12 O’Clock Boys is a short documentary with a lot to say. It primarily follows Pug, a 13-year-old troublemaker who gets lured into a group of illegal dirt-bikers. The gang calls itself the 12 O’Clock boys because the members perform extended vertical wheelies and dangerous balancing acts, while weaving precariously through the urban Baltimore streets. They bike in a group of sometimes 50 members, disobeying traffic regulations and speed limits. For them, this is a spiritual, liberating weekly activity.
For the police, it poses serious problems. Squad cars are not allowed to chase the bikers to prevent any further crashes or injuries, so helicopters circle their nightly renegades to track them down. Lofty Nathan, directing his first feature-length film, works to expose both perspectives. Audience members may have an immediate reaction and opinion about these riders’ stunts and subsequent pursuit by authorities, but it is not because Nathan gives them one.
Viewers get intimate points-of-view instead. Nathan mimics the bikers’ eye lines by speeding through the streets on an incline. He creates a shaky ground level perspective by dangling himself out of his car, treading rubber parallel with these road demons. You feel like you are riding along with the group. There are some beautiful slow motion shots too, as though these men and young boys are superheroes in their broken towns. One of them actually calls himself Superman.
These boys are mythical figures in a way. As they sporadically barrel down highways and alleys, they are greeted on sidewalks by hordes of onlookers, camera phones aimed in their direction. The group gets affirmation from YouTube hits, and its stunts are just as much about the thrill of spectacle as they are about marketing.
Pug, our budding moto-star, desperately tries to fit into this lifestyle, much to the dismay of his single mother. She lost her first son Tibba and is now losing her second one to the streets, as he gets lost within the messy, inner-city. School and structure appear to lose their priority, and Pug, over the three years Nathan follows him, starts feeling like a lost cause.

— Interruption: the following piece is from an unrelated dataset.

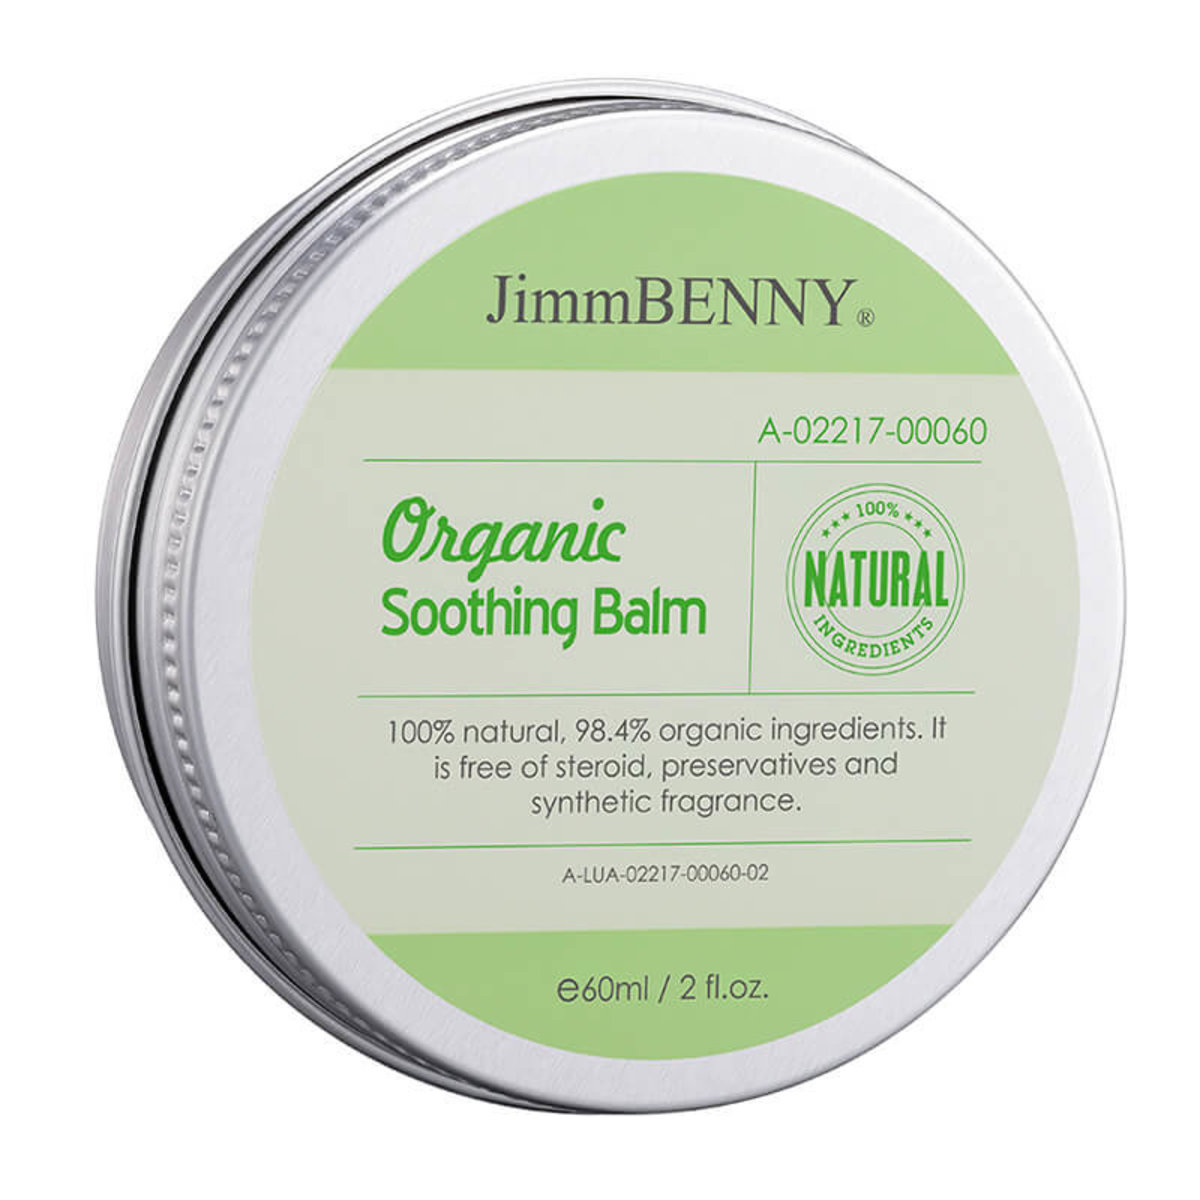 Organic Soothing Balm

You want to see Pug succeed and break out of this lifestyle. At one point he mentions how much he loves where he lives because Baltimore rarely receives any natural disasters. Of course, what he does not see is the systemic poverty that continues to grow in his neighborhood. It is something even Steve, a former dirt biker, who is now the group’s protective agent, knows can cripple the community. Pug loves animals and once had dreams of becoming a veterinarian. When his passion for riding grows, he rejects his original aspiration.
Hopefully he sees riding as a fad. As other talking heads and policemen explain, however, this is how eggs turn bad. The bikes are dangerous, but the lack of family, structure and guidance is bigger reason. The news reports, the death toll and the vitriol toward police continue to increase. The power and dialogue we get is not mined, but observed. By the end of this 72-minute peek, Pug has his bike stolen and Nathan helps him reclaim it. We do not see how things turn out. However, we know that Pug has grown up from his teen adoration. He has fallen victim to becoming another hardened young man.
The documentary is playing at the Angelika and AMC Empire Theaters.